Abstract
Purpose
Complex percutaneous interventions often require high radiation doses likely to produce skin radiation injuries. We assessed the methodology used to select patients with potential skin injuries in cardiac procedures and in need of clinical follow-up. We evaluated peak skin dose and clinical follow-up in a case of radiodermatitis produced during a total occlusion recanalization.
Materials and Methods
This prospective study followed CIRSE and ACC/AHA/SCAI recommendations for patient radiation dose management in interventional procedures carried out in a university hospital with a workload of 4200 interventional cardiac procedures per year. Patient dose reports were automatically transferred to a central database. Patients exceeding trigger levels for air kerma area product (500 Gy cm2) and cumulative skin dose (5 Gy) were counseled and underwent follow-up for early detection of skin injuries, with dermatologic support.
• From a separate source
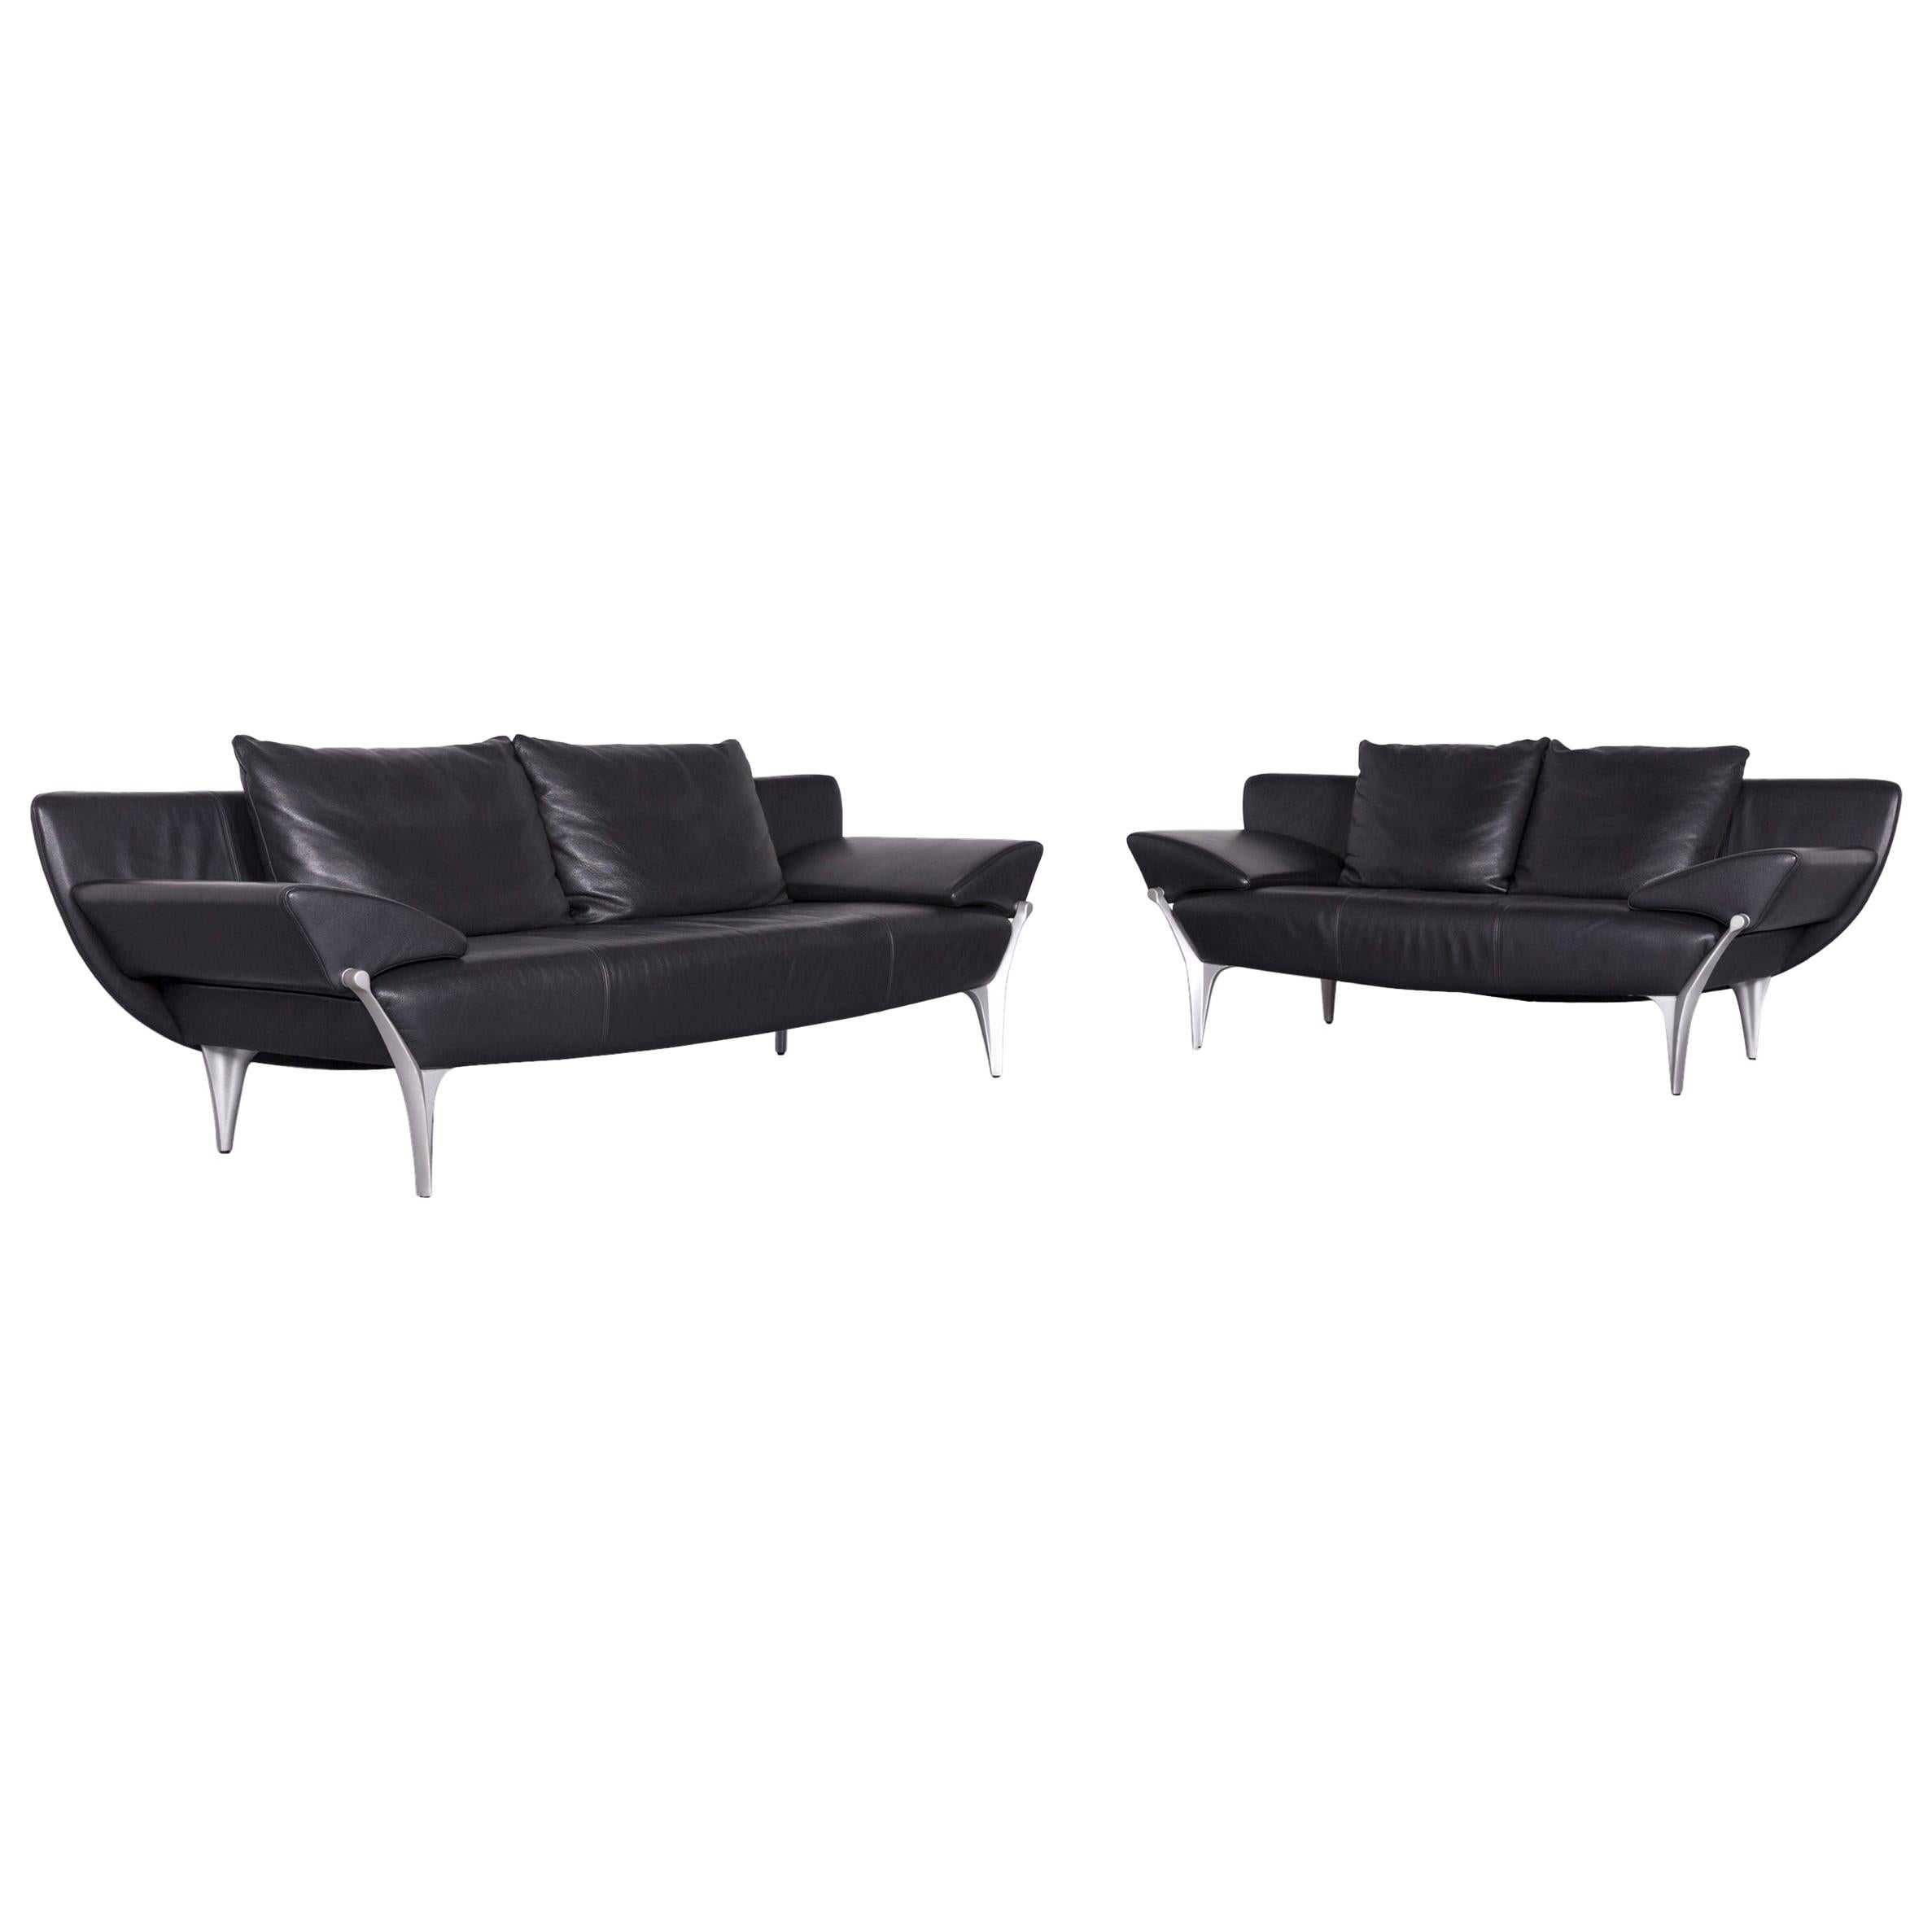 Rolf Benz 1600 Designer Leather Sofa Set Black Two-Seat Three-Seat Couch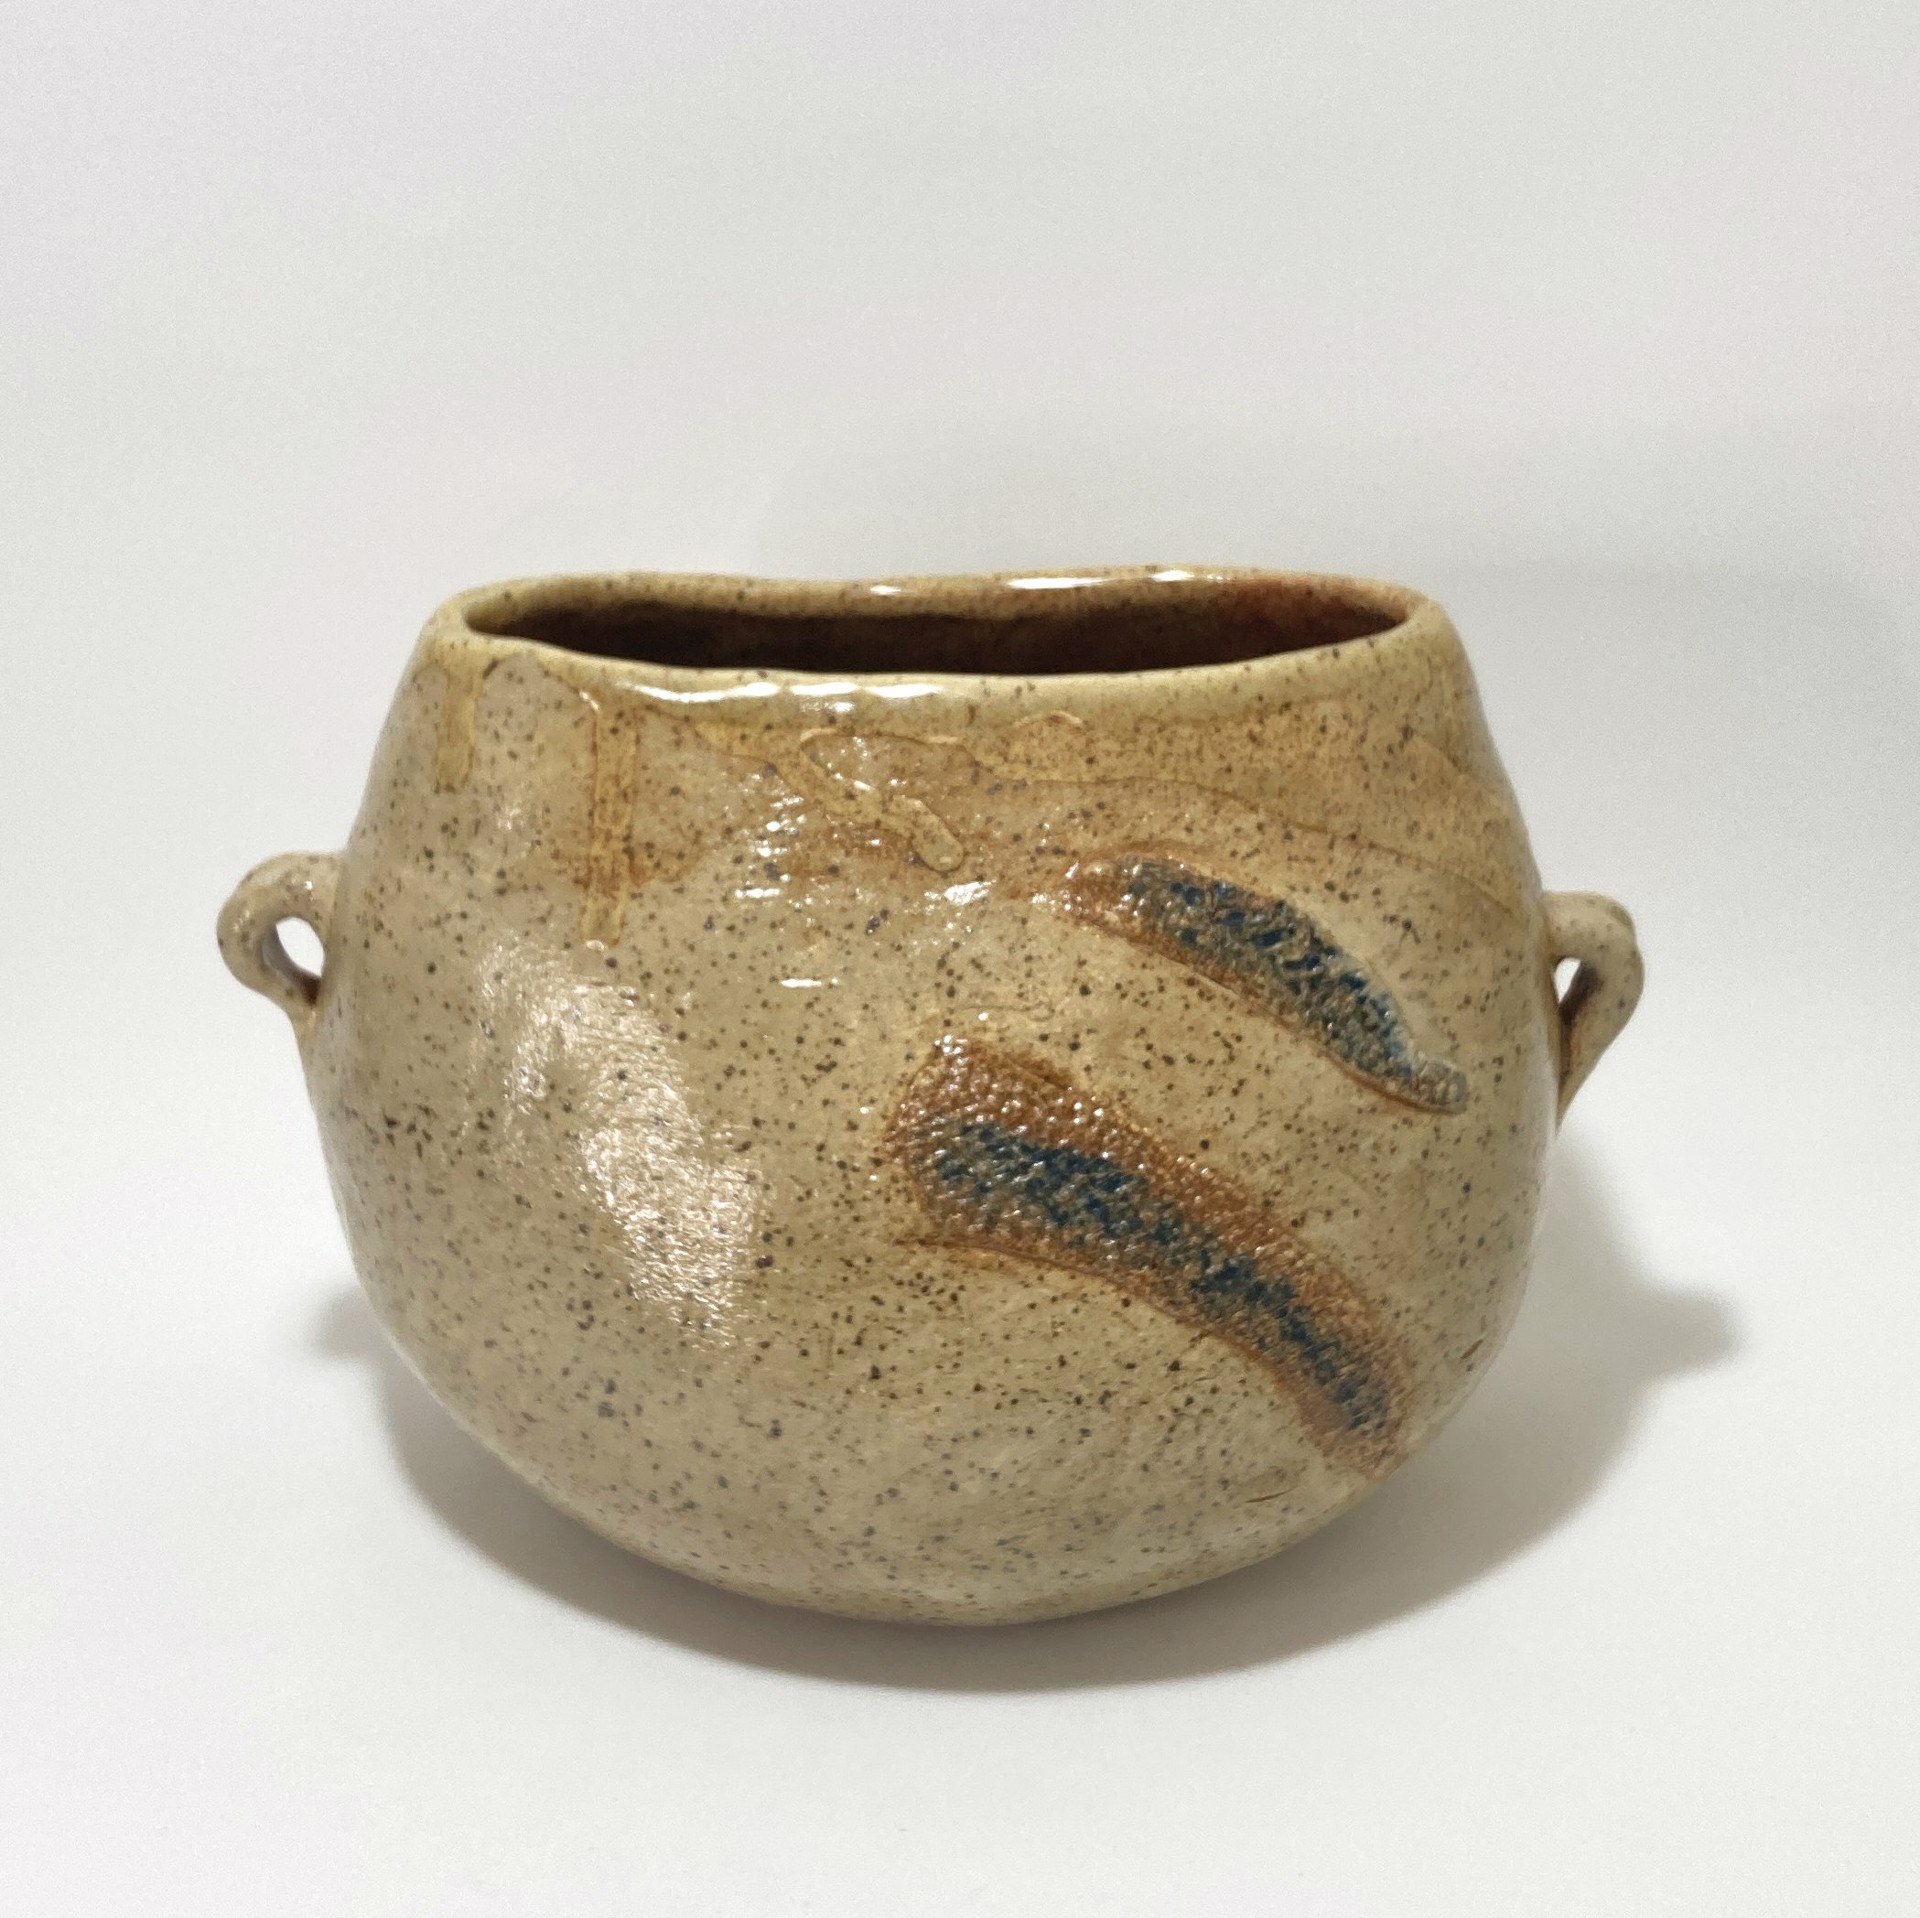 Bucket Pot with Texture and 2 Lugs by Mary Delmege

The Ethical Committee and the Quality Assurance and Radiation Safety Committee approved the program.
Results
During 2010, a total of 13 patients (3.0/1,000 that year) received dose values exceeding trigger levels in the cardiovascular institute. Only one patient, who had undergone two consecutive procedures resulting in 970 Gy cm2 and 13.0 Gy as cumulative skin dose, showed signs of serious radiodermatitis that resolved in 3.7 months. The remaining patients did not manifest skin lesions during follow-up, and whenever patient examination was not feasible as part of the follow-up, neither patients nor families reported any skin injuries.
Conclusions
Peak skin dose calculation and close clinical follow-up were feasible and appropriate, with a moderate additional workload for the staff and satisfaction for the patient.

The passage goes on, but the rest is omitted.